Только потом, когда у нее было время подумать, она поняла, что пощечина Куика была работой эксперта. У него была репутация человека, способного ударить женщину, даже избить ее. Для Фелисии было настоящим шоком увидеть мгновенное выражение удовольствия, мелькнувшее в глазах Марти Куика, когда он ударил ее по щеке.

Она попыталась восстановить в памяти события того ужасного вечера, как она это делала бессчетное количество раз днем, но чаще всего по ночам.

Фелисия сделала вывод – которым она не поделилась с доктором Фогелем, – что если бы Робби не был таким всепрощающим, она не приняла бы дополнительную таблетку – точнее сказать, несколько таблеток. Если бы Робби по крайней мере вышел из себя, говорила она себе, это могло бы разрядить атмосферу, но к тому времени, как они вернулись в отель после краткого визита в больницу, где ему перевязали ногу, он подавил свой гнев, спрятал его так далеко, что внешне он никак не проявлялся.

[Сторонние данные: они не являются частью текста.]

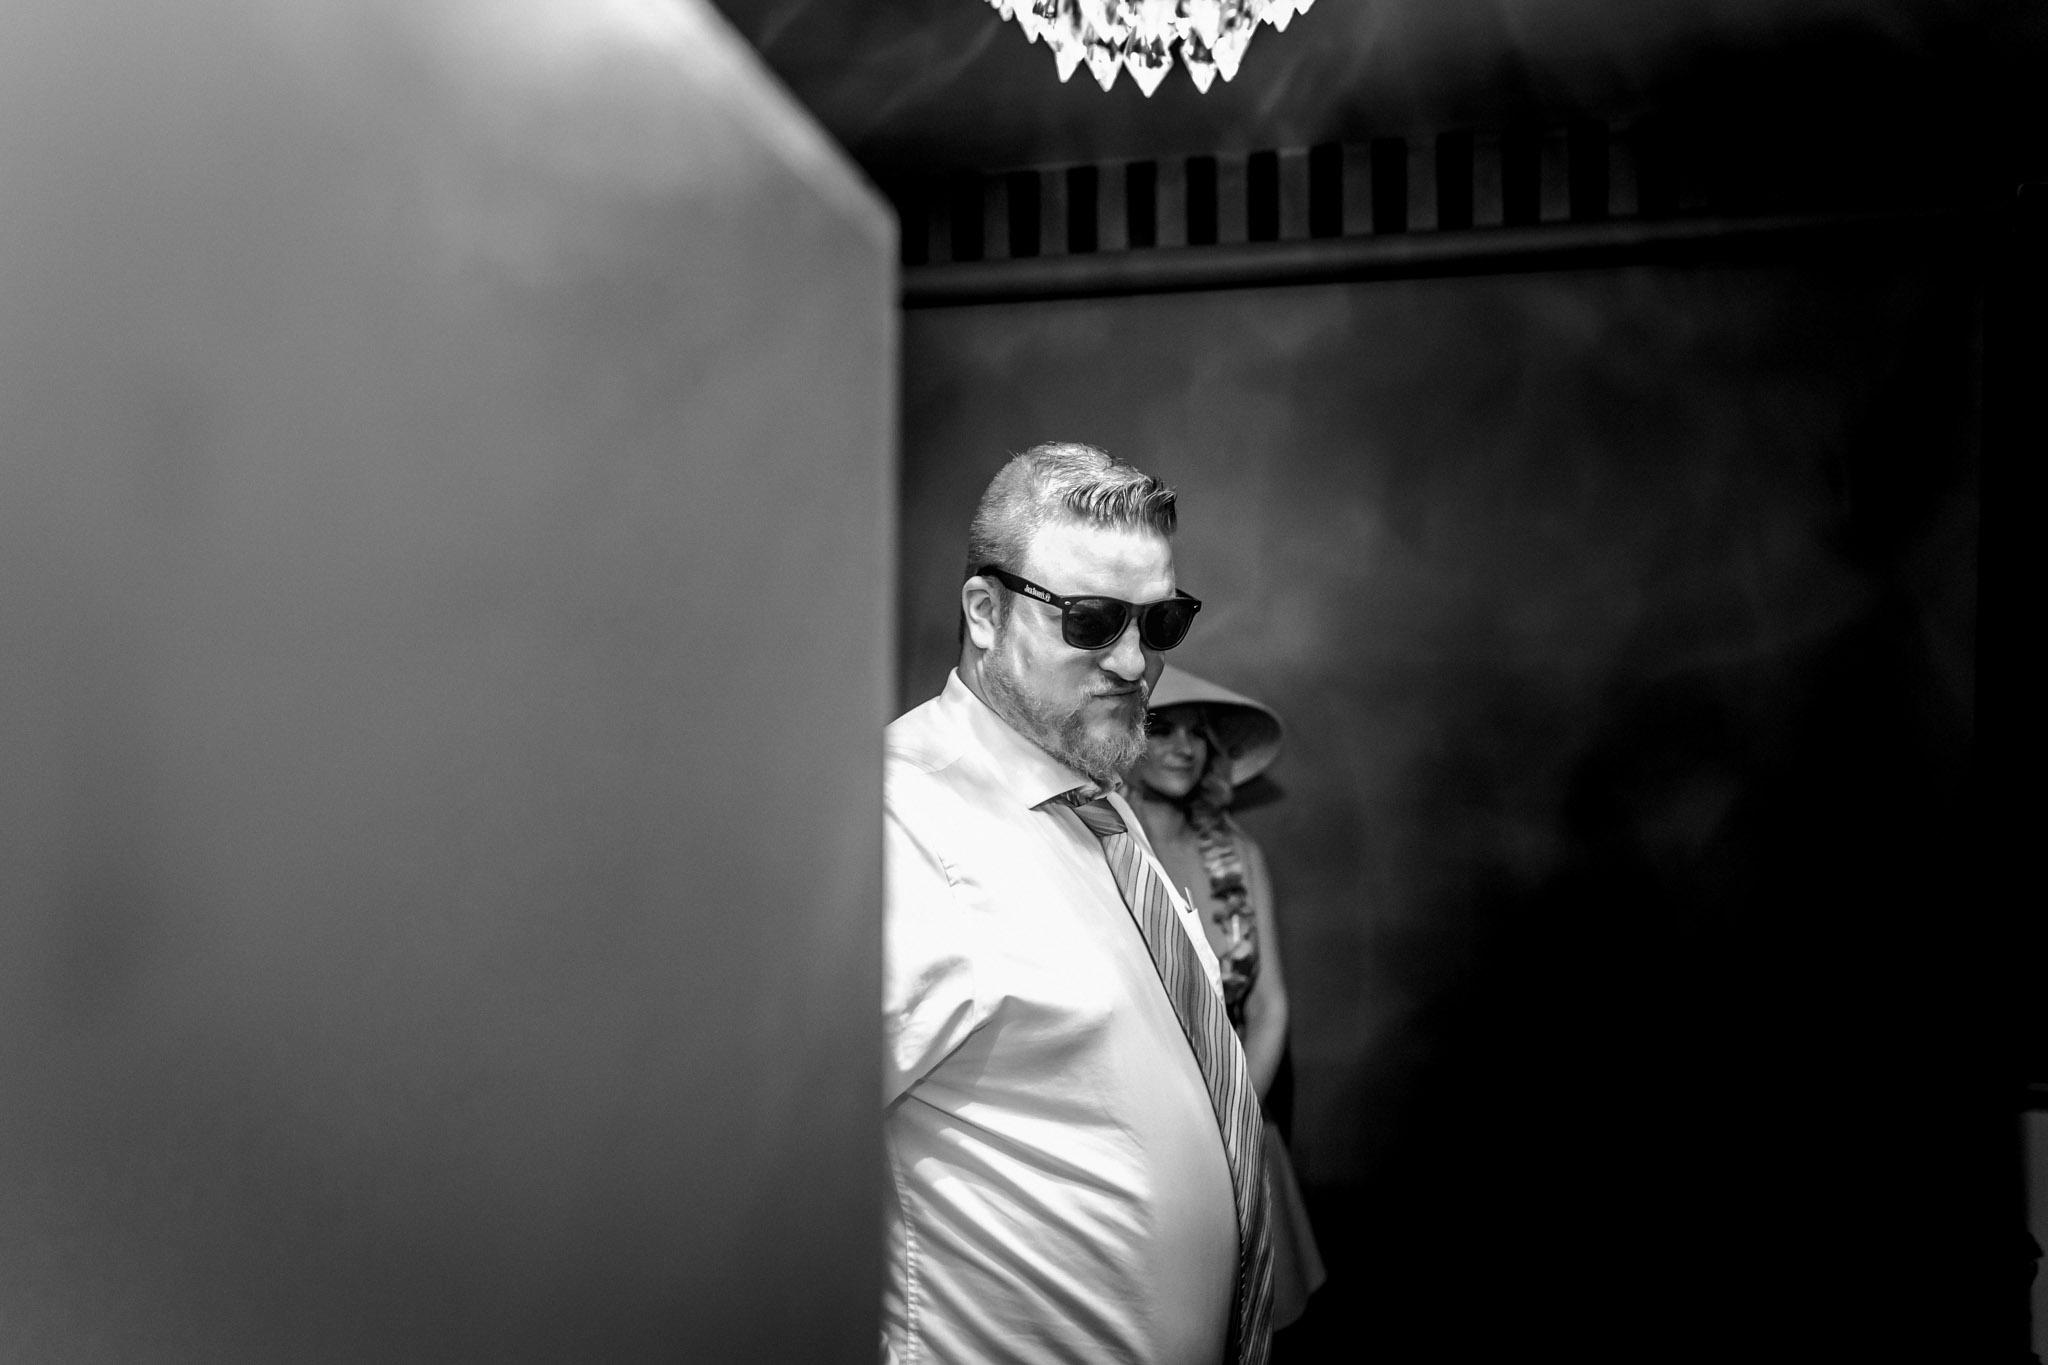 Sven Schomburg Hochzeitsfotografie, Hamburg, Mölln, Hochzeitsfieber by Photo-Schomburg, Hochzeitsreportage, Forsthaus Waldhusen, Braut, Bräutigam-83

Это его вина, он слишком давил на нее, сказал тогда Робби, хотя Фелисия знала, что он не верит в это; его вина, что он выбрал именно эту пьесу для гастрольной поездки… Он устало сел, вытянув больную ногу, с выражением мученика на лице и мягко сказал:

– Я не хочу, чтобы ты винила в этом себя, но я считаю, что нам надо отменить гастроли.

– Тогда отмени всю эту чертову жизнь! – бросила она и, забрав стакан с виски, ушла в спальню, приготовившись к еще одной бессонной ночи.


Она попудрила лицо – ее любимая пудра от Шанель быстро кончалась, и из-за войны в Европе не было надежды достать еще – расчесала волосы, нанесла на кожу за ухом капельку духов «Скандал» от Скьяпарелли – теперь, когда немцы в Париже, их тоже скоро будет невозможно найти – и сбросила халат.

Считалось, что жизнь в заведении доктора Фогеля протекает в «неформальной» обстановке, но в тех редких случаях, когда Фелисии приходилось встречать других находящихся здесь пациентов (она отказывалась считать их и себя «отдыхающими»), они выглядели так, будто проводили уик-энд на дорогом курорте. Она же предпочитала есть у себя в комнате, радуясь возможности не переодеваться и не пользоваться косметикой.

Она взглянула на свое отражение в высоком антикварном трюмо. Доктор Фогель затрачивал немало усилий и средств, чтобы его состоятельные клиенты чувствовали себя здесь как дома. Фелисии даже нравились ее небольшие уютные комнаты.